For David Edwards, a veteran of the Berlin Airlift, there is one memory that sums up the contradictions faced by allied forces struggling to supply a city they had recently tried to wipe off the map.

He and his unit had saved their sweet rations and were holding a Christmas party for local Berlin children. As he lifted a young boy on to a chair, he saw the child had only one arm.

With a sickening flash he realised that only three years earlier the Allies had bombed the very people they were now trying to save.

Three years after the end of World War II, Joseph Stalin had drawn the Iron Curtain across Europe, leaving Western-occupied West Berlin isolated deep in Russian-controlled East Germany.

In an attempt to expel the Western powers from the city, Stalin shut all supply routes except for three narrow air corridors.

The Allies responded by launching a ceaseless procession of cargo planes to feed, heat and clothe the two million people of West Berlin. The operation that became known as the Berlin Airlift lasted over a year and cost 39 British lives.

BERLIN AIRLIFT
UK and US pilots flew in food supplies after West Berlin was blockaded by the Soviet army in June 1948
The first British flight of the Berlin Airlift took place on 25 June 1948
British aircraft flew more than 175,000 missions to and from Berlin
Some 65 Britons, Germans and Americans died in plane crashes during the operation
The Soviet blockade was lifted on 12 May 1949, the airlift having prevented the city starving
Flights continued until 6 November 1949 to ensure the city was well stocked in the event of further blockades

The allied forces had changed from the enemy of the German people to their saviour. "We suddenly became friends and we were on the same side. From dropping bombs on them we were bringing in supplies," says Mr Edwards.

The 79-year-old's memories of his time stationed in Berlin as a signals teleprompter dealing with encrypted messages are scattered with this confusing mix of hope and tragedy that gripped a city just released from war.

He remembers the moment when, after crowding into the air commodore's office with the other men in his unit, he was told of the plan to use the air corridors to break Stalin's blockade.
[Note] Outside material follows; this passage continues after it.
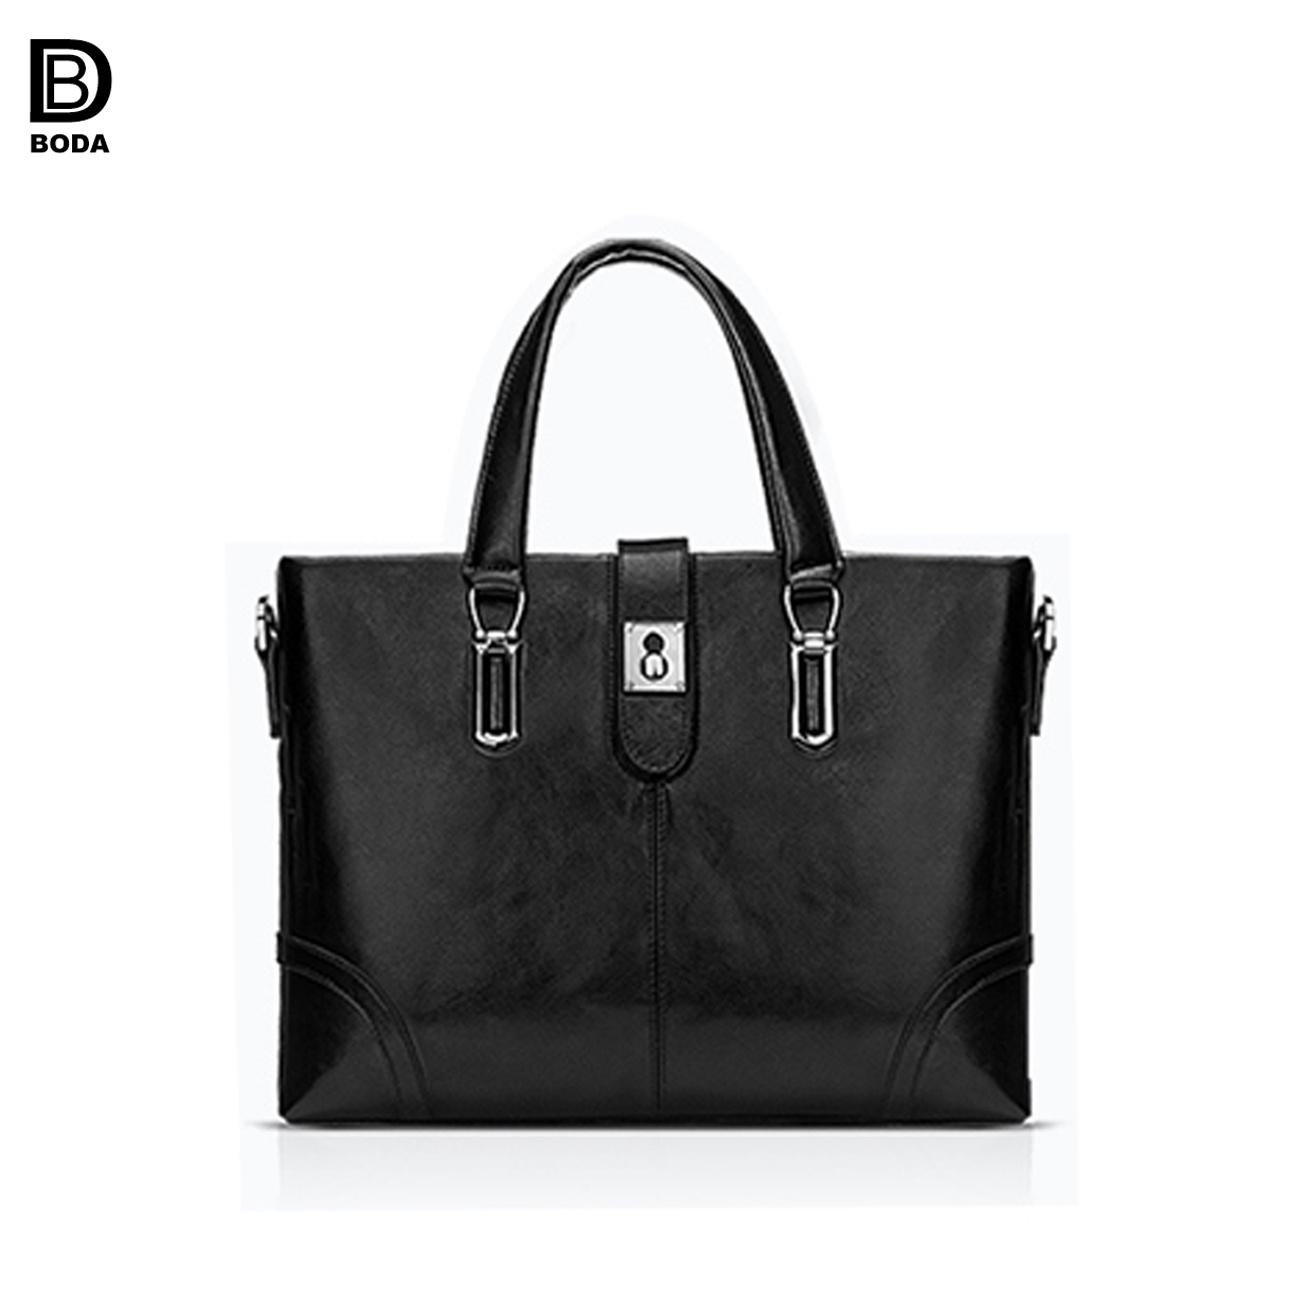 8a61b6b1ab China 2018 New Models Brands Leather Man Bag Business Travel Handbag -  China Business Men Bag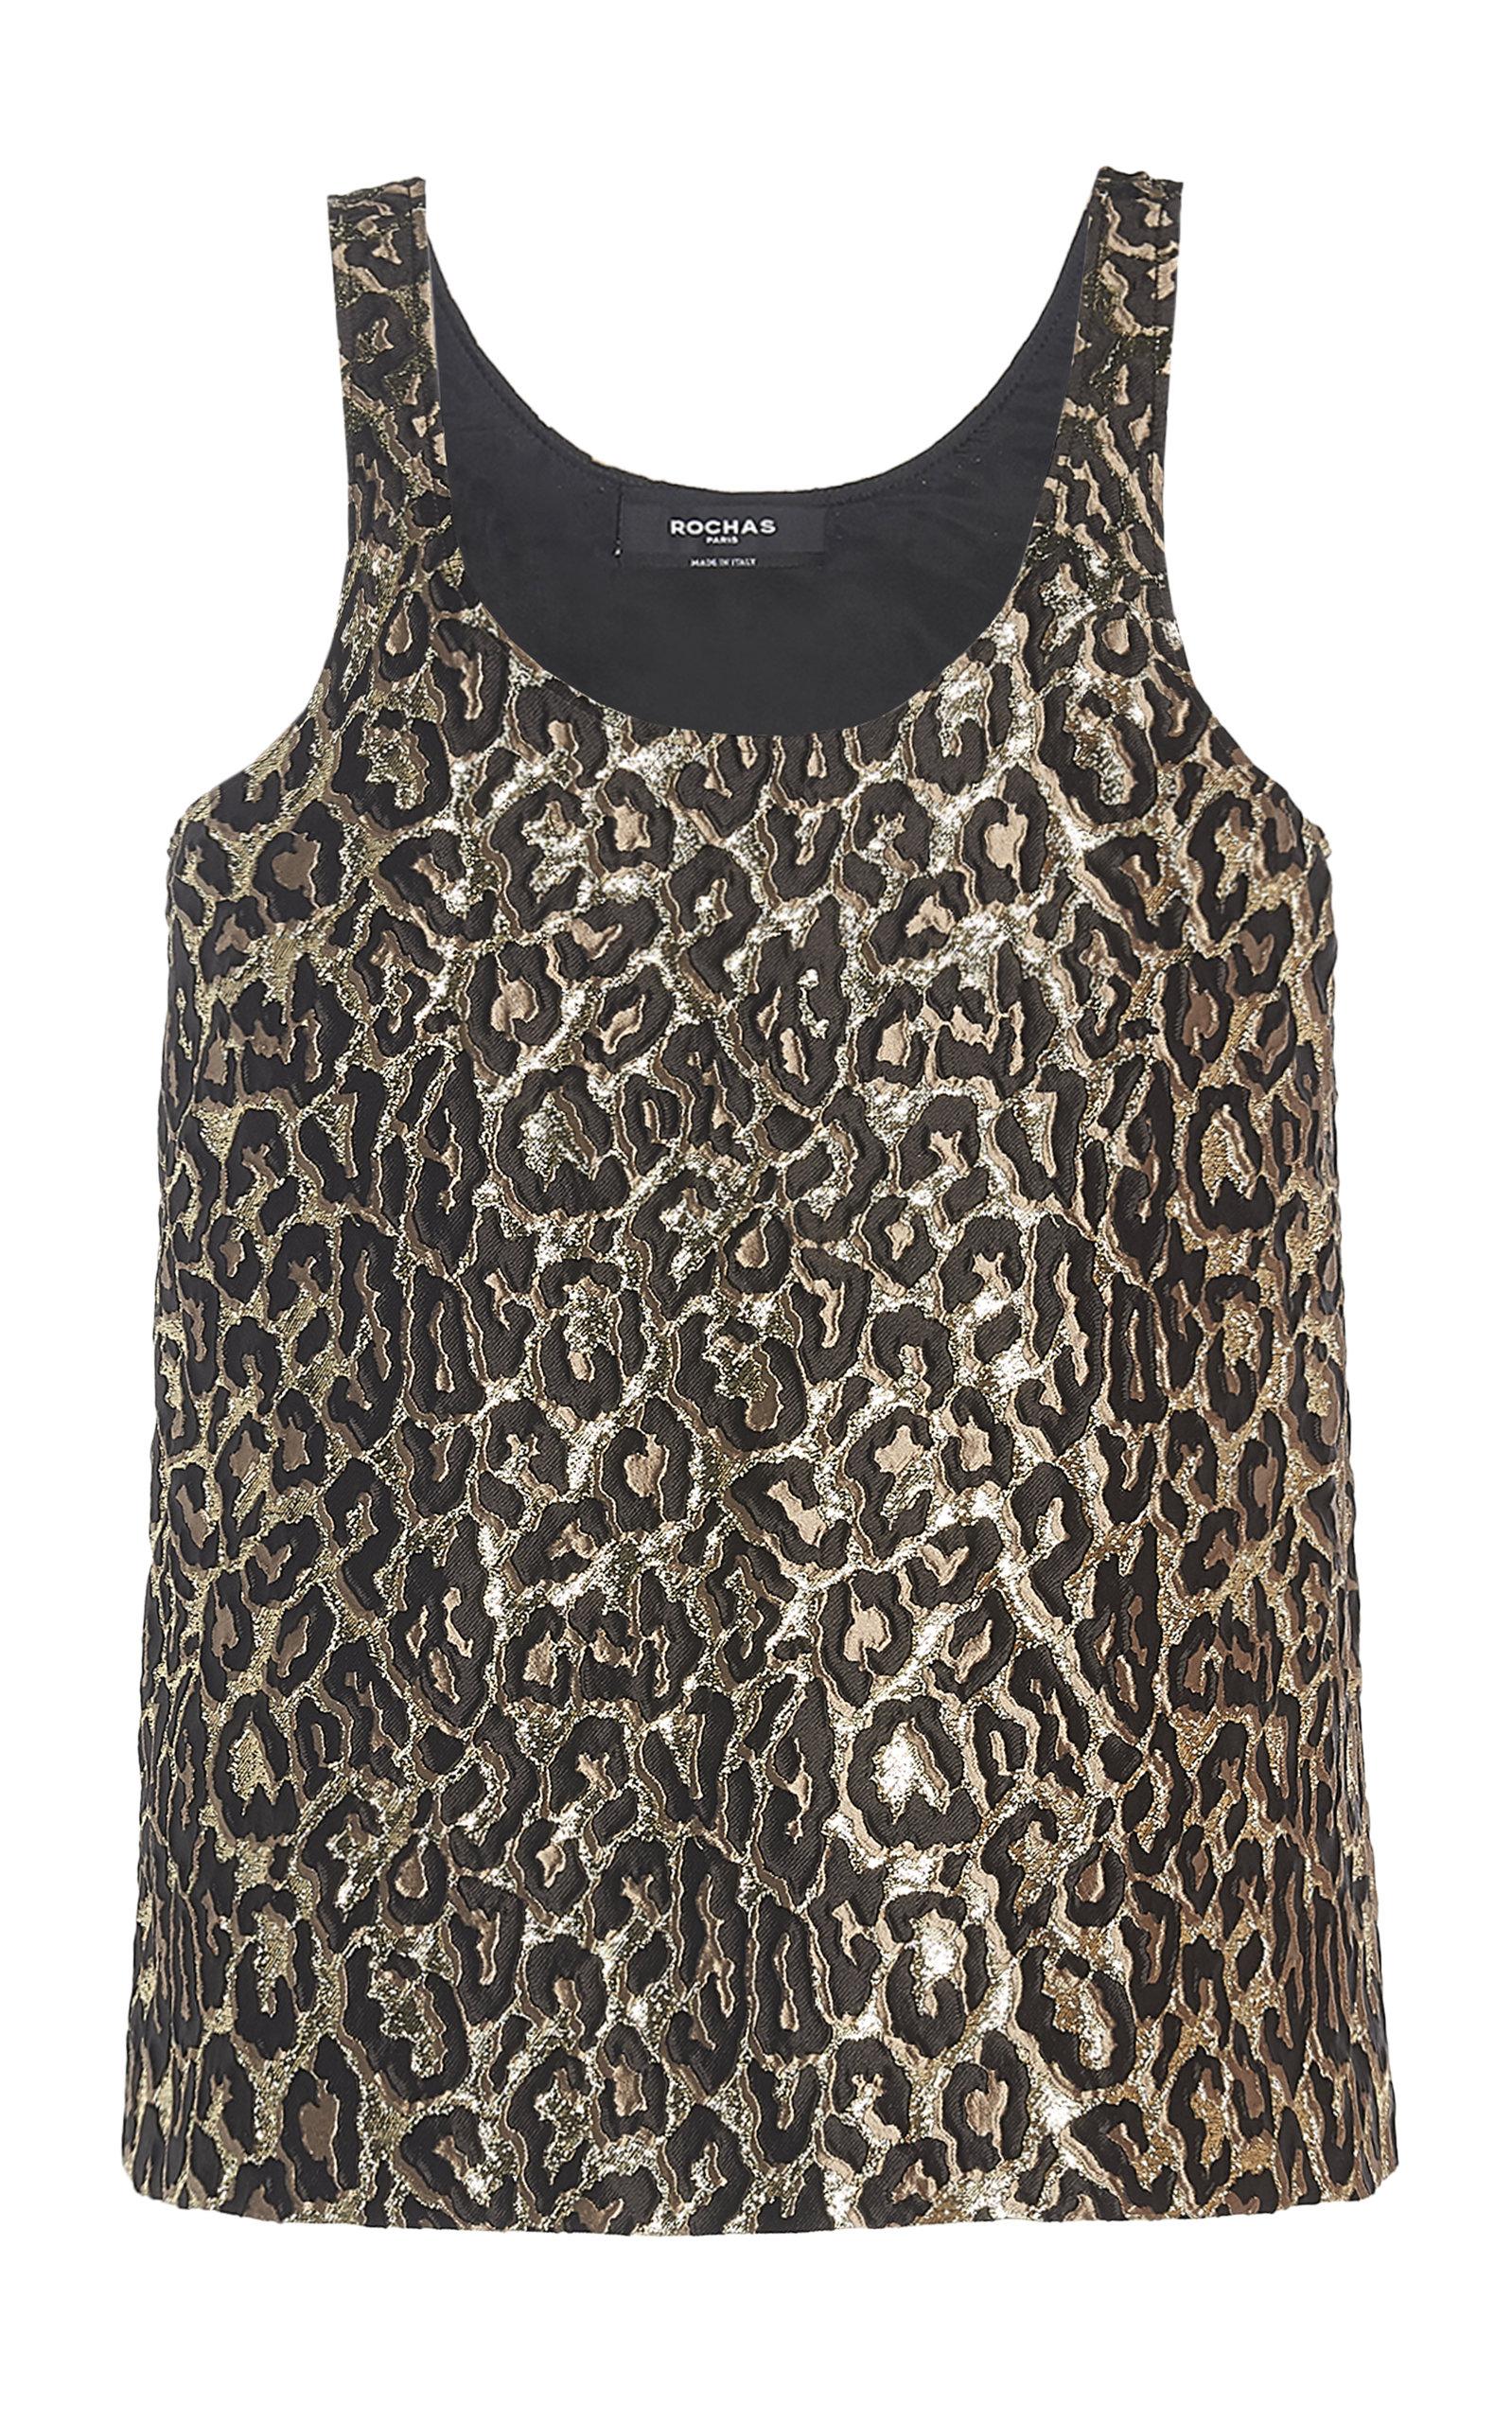 ROCHAS | Rochas Octavia Leopard-Print Brocade Tank Top | Goxip

"When we were all assembled there he gave a brief view of the situation - 'We are blockaded here; negotiations had failed' - there was no movement in that direction. We didn't know if there would be an evacuation or there might be a third world war.

"I remember him saying 'What we are going to do is try to supply the western section'.

"Was it going to be possible? There was provision to supply the British garrison, but the prospect of supplying two-and-a-quarter million people seemed out of the question."

Yet despite the uncertainty and scale of the task, he was also excited. "It was going to be a challenge," he says.

Then there were the stark contrasts he found in the ruined city itself. Mr Edwards remembers the desolation of endless streets reduced to rubble and the knowledge that underneath were bodies left unrecovered.

David Edwards and Alec Chambers
David Edwards and Alec Chambers are both proud of the part they played

But he also recalls how he took the same broken streets to an opera house in the heart of Soviet-occupied East Berlin - in his hand he holds a photocopy of the elegantly-scripted opera programme he kept as a souvenir.

The memories of another veteran of the airlift, 83-year-old Alec Chambers, are equally chequered.

A former navigator on planes carrying liquid fuel supplies, he recalls the deafening roar of engines on take-off and the difficulty of steering his cargo-laden aircraft at night or in thick cloud along the narrow air corridor.

The air traffic was so heavy that a plane took off or landed every 90 seconds. If he was more than a few seconds late, the pilot would be unable to land and would simply have to turn around and fly back.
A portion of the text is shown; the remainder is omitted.